工业生产和居民生活向自然界或他国排放大量的废气、废液、固体废物等,严重污染空气、河流、湖泊、海洋的陆地环境以及危害人类健康。全球每年排放总悬浮颗粒物5.7亿吨,Pb200万吨,As7.8万吨,Hg1.1万吨;北美、欧洲、中国南部3大酸雨区,每年排放SO21亿吨,NOx7000万吨;全球每年排放污水60亿吨,造成5.5万立方米水体污染,40%河流及海岸遭污染。因发达国家广泛进口和发展中国家开荒、采伐、放牧,森林面积大幅度减少。联合国报告表明,20世纪90年代全球森林采伐面积每年约1400万公顷,但新造林和自然生长森林增加的面积只有520万公顷,每年净损失森林面积达880万公顷。土壤沙漠化全球沙化面积36亿公顷,占陆地面积的29%,每年有600万公顷土地沙化。地球上有500万—3000万种生物,能为人类认识的有140万—170万种,目前12%的哺乳类和11%鸟类濒临灭绝[2]。人口的恶性膨胀与生态资源的恶性开发利用,加之“高投入—高生产—高消费—高排放”的生产、生活方式,已使地球负荷进入极限阶段,而目前这种发展趋势还在以恶性循环的方式不断加剧。

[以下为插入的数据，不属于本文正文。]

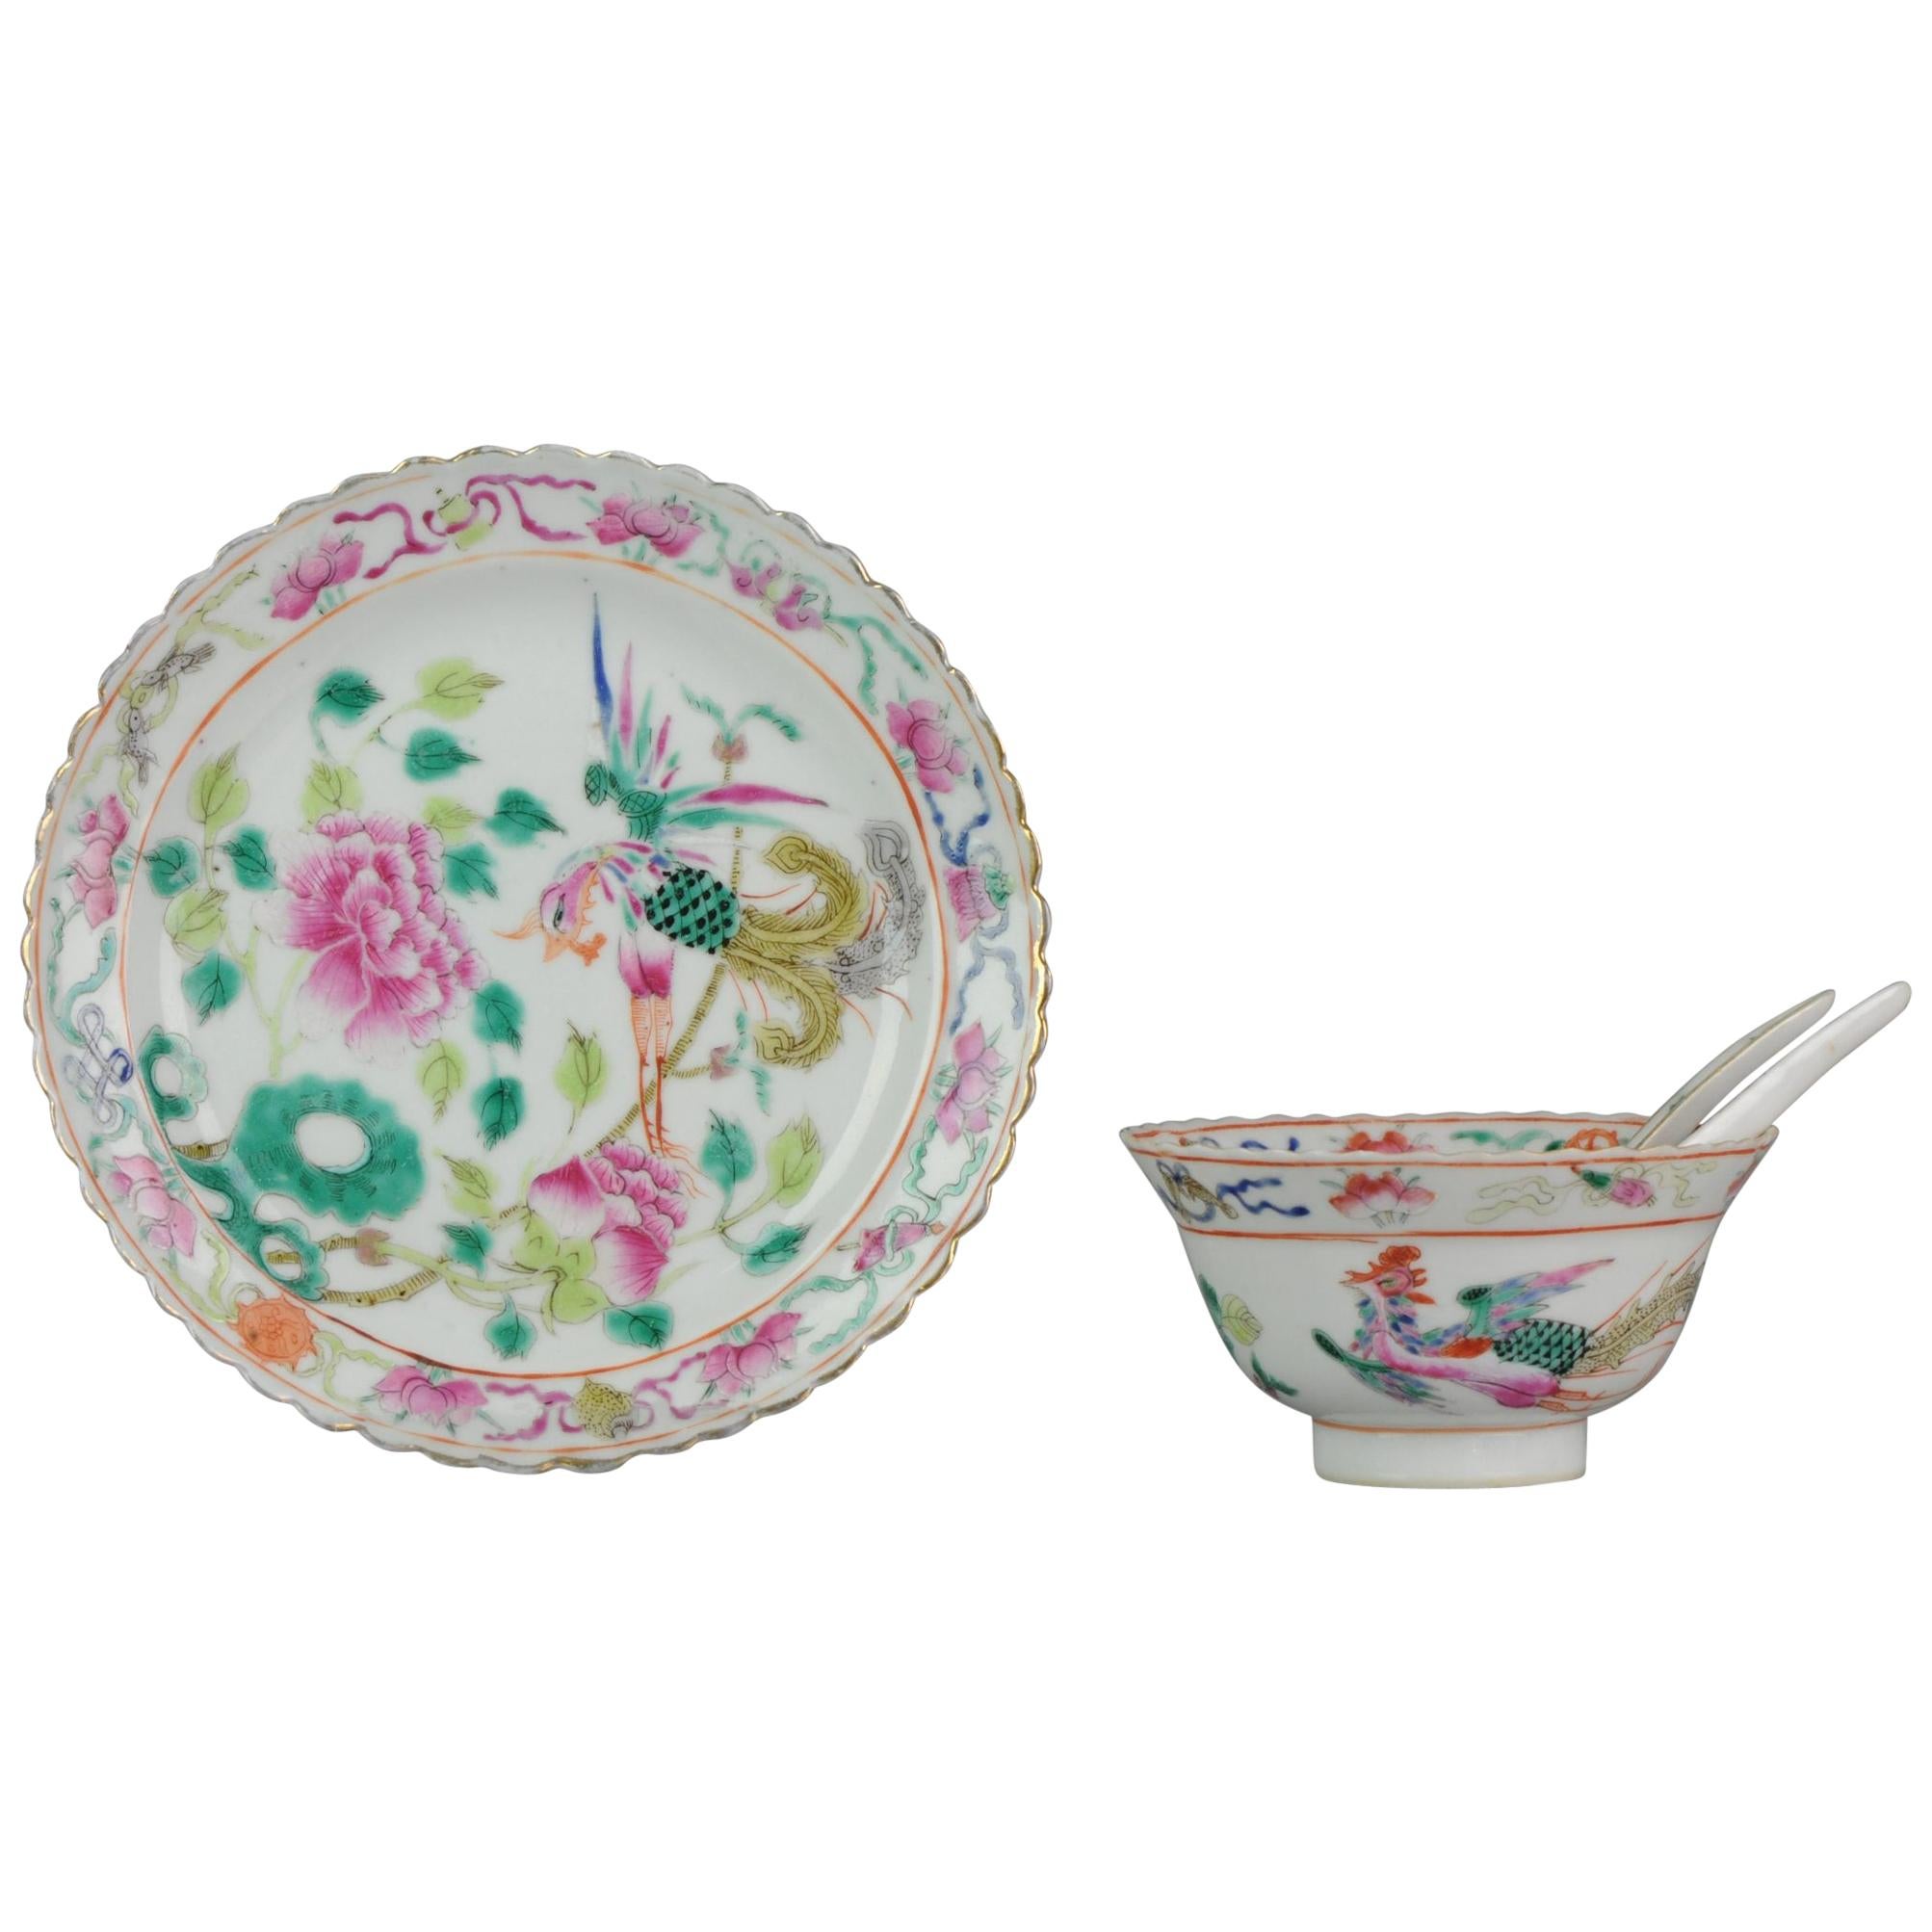 Straits Porcelain Chinese Bowl China SE Asian Market Peranakan Marked

图0—2 2013年1、2月,北京持续雾霾天气,空气质量恶劣
(二)经济危机
市场经济将人类社会带入了一个“高度繁荣、高度发达”的时代,同时也将“高度泡沫、高度脆弱”的危机附加于经济体系之上。市场调节存在的自发性、盲目性和滞后性等固有弱点和缺陷至今仍不能得到有效克服,从而导致了人类经济的“周期性”危机,并且随着着全球经济体系的形成,经济危机呈现出了蔓延扩大、危害加剧之势。经济危机是人类进入高危时代的第二表征。

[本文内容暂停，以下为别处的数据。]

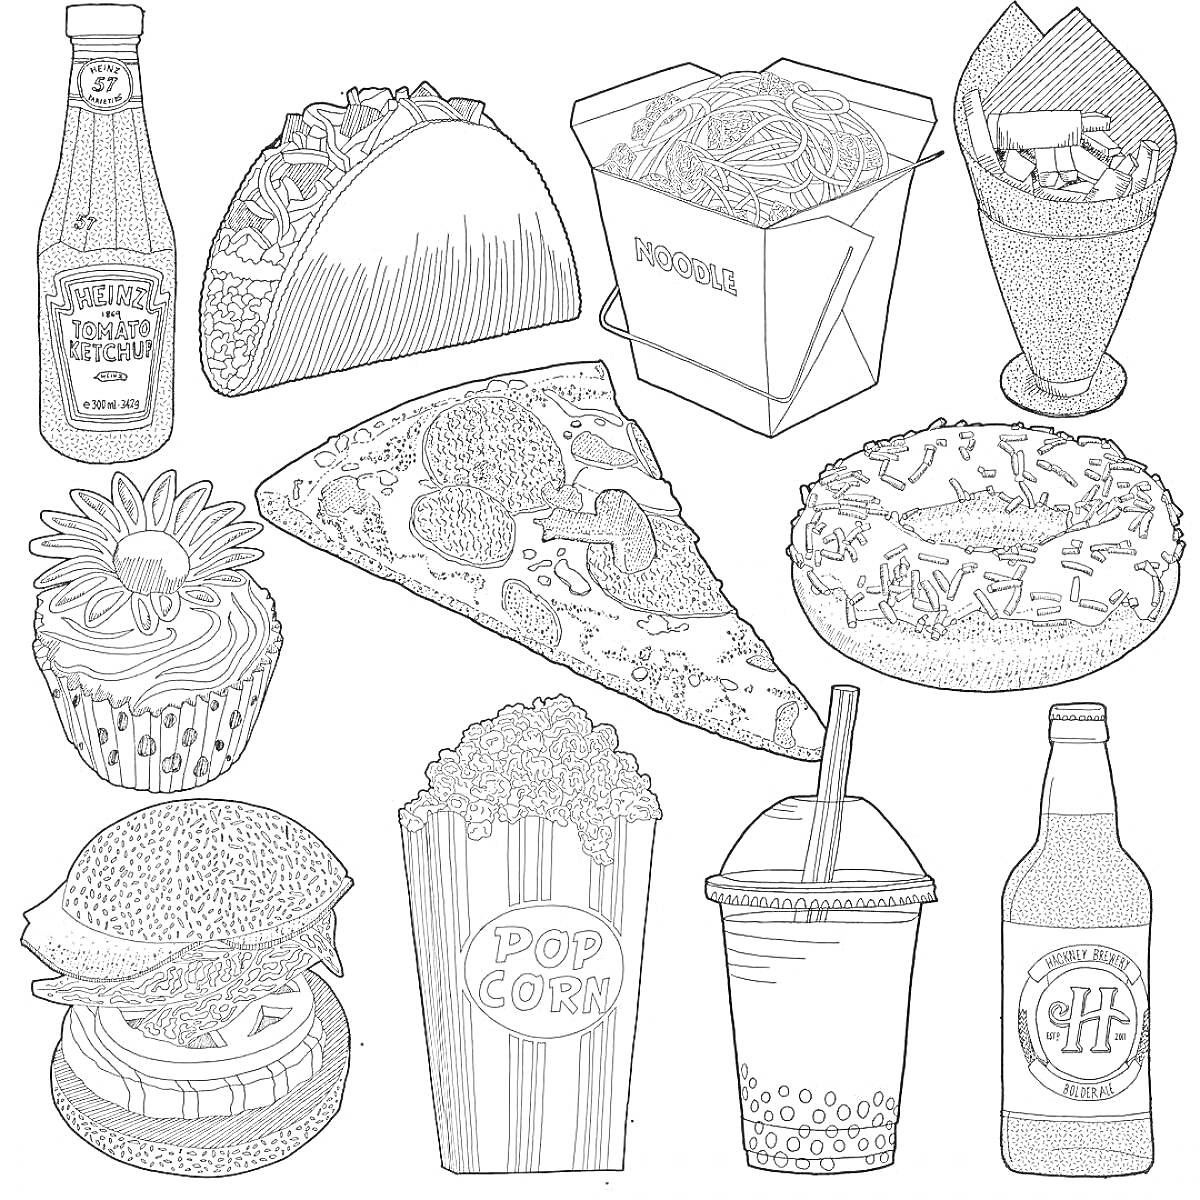 Фаст-фуд: бутылка кетчупа, тако, коробка лапши, стакан с картошкой фри, пончик, кекс, кусок пиццы, бургер, попкорн, напиток с трубочкой, бутылка напитка

18世纪末至19世纪初经济危机就已经出现,但那时的经济危机仅仅是一种局部性、地方性的危机。1825年英国的经济危机是人类历史上最早一次生产普遍过剩和周期性表现比较明显的危机,这次经济危机波及了英国主要工业部门,也震撼了其他一些国家的工商业。1929—1933年西方国家爆发了一场有史以来最严重、最深刻的经济危机,它是从美国开始爆发的,美国的GDP下降近30%,失业率从3%升至25%,工人的实际工资下降约1/4,消费价格指数下降近25%,有13万家企业破产,其中8465家商业银行也因大量贷款无法收回及金融资产运作遭受重大损失而纷纷倒闭,进出口总值减少了70%,资本输出也几乎停止。美国的经济危机席卷了资本主义世界的所有国家,整个资本主义世界工业生产降低了40%,退回到比1913年还低10%的水平,同时,经济危机还摧毁了西方国家的金本位制和金汇兑本位制[3]。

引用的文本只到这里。